→ **Stored data**:
──────

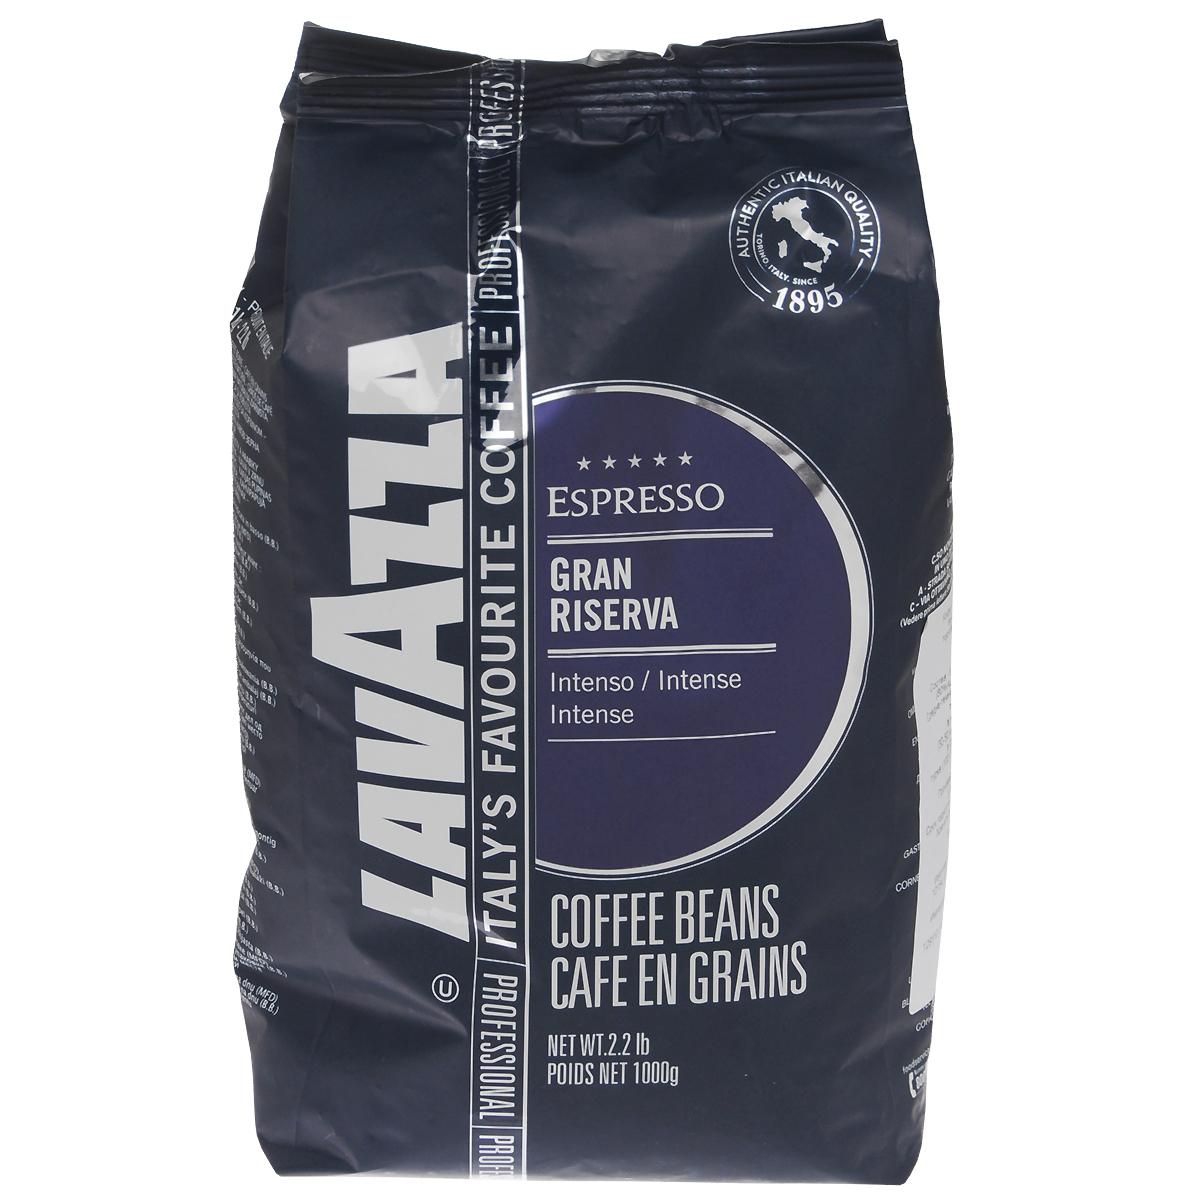 Lavazza Gran Riserva кофе в зернах, 1 кг lavazza crema e aroma espresso кофе в зернах 1 кг
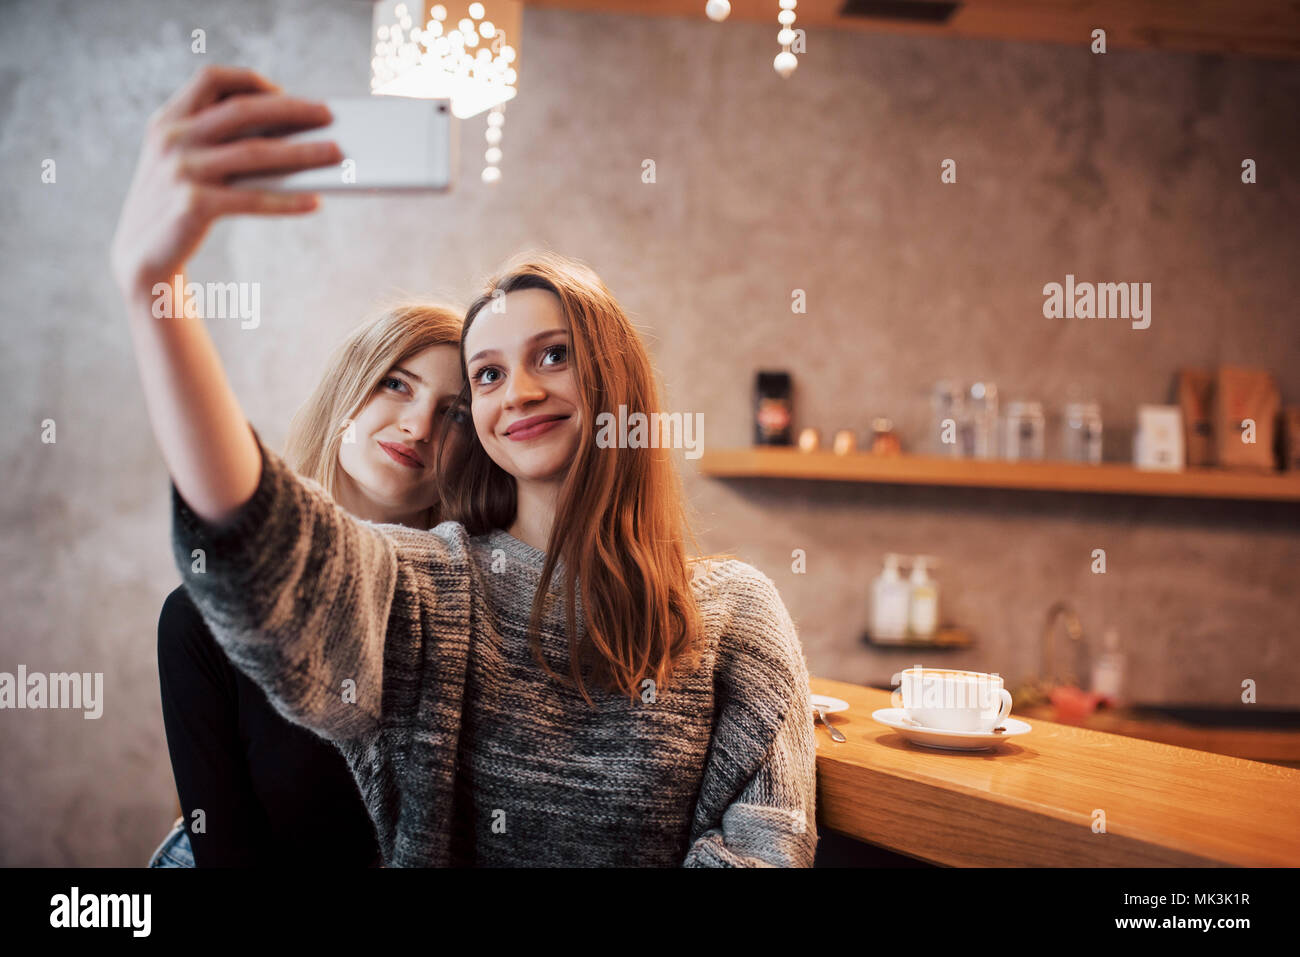 Due amici di bere il caffè in un bar, tenendo selfies con uno smart phone e divertirsi facendo facce buffe. Focus su la ragazza sulla sinistra Immagini Stock
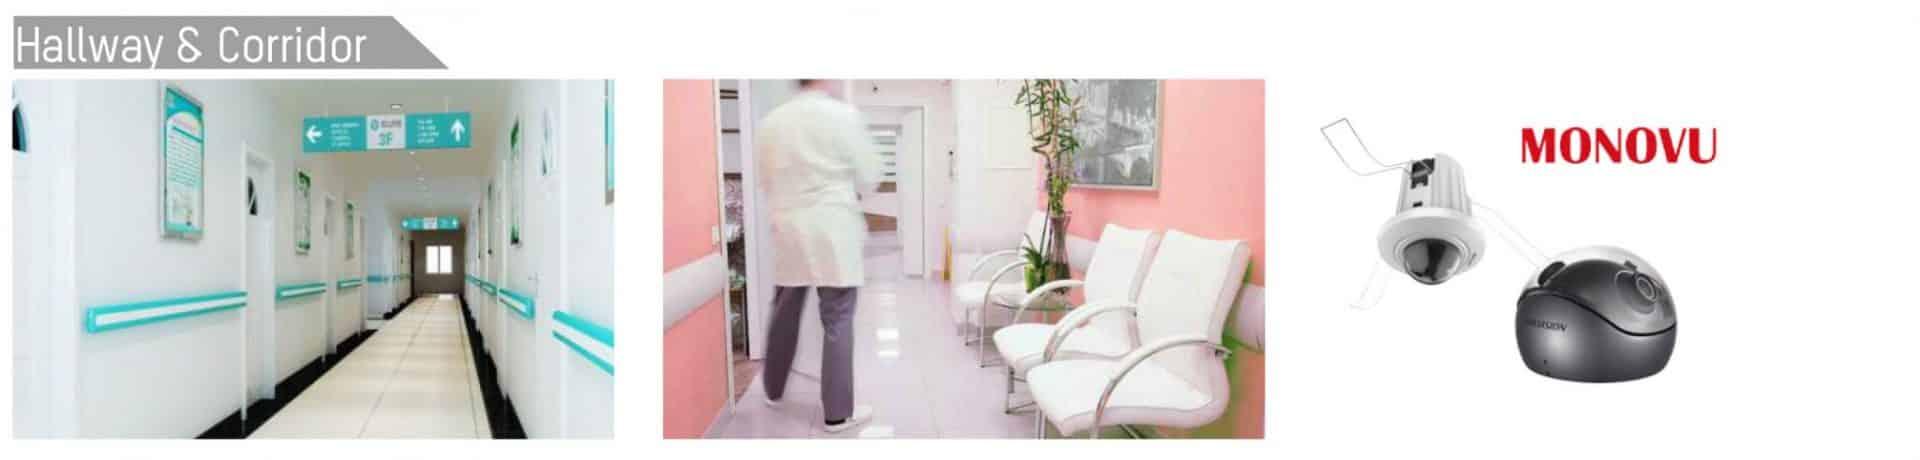 11 راهکار هوشمند هایکویژن برای بیمارستانها و مراکز درمانی
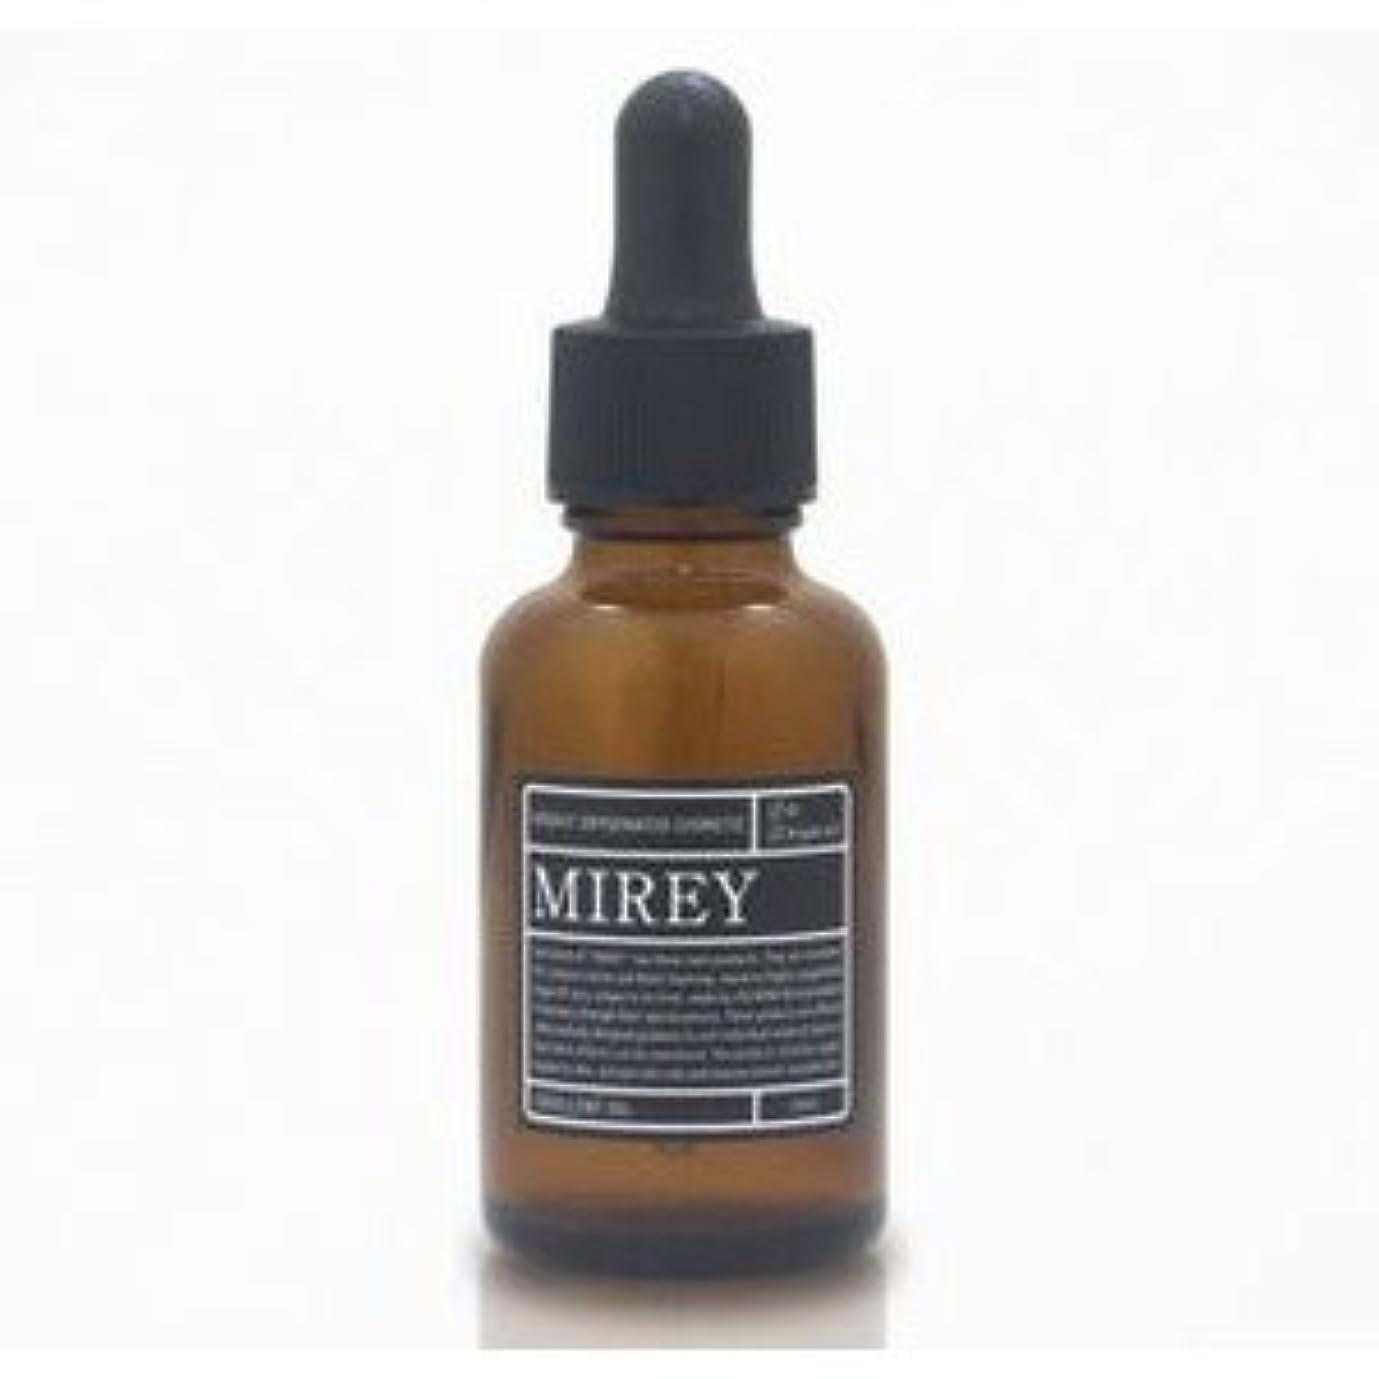 再生ハチ娘MIREY ミレイ エクセレントオイル 20ml

──────

→ **Try it**: The lines running from the one with "Due amici di" to the close of the material above are to be retyped exactly; no picture is to be included.

→ **Output for this task**:
 Due amici di bere il caffè in un bar, tenendo selfies con uno smart phone e divertirsi facendo facce buffe. Focus su la ragazza sulla sinistra Immagini Stock
 11 راهکار هوشمند هایکویژن برای بیمارستانها و مراکز درمانی
 再生ハチ娘MIREY ミレイ エクセレントオイル 20ml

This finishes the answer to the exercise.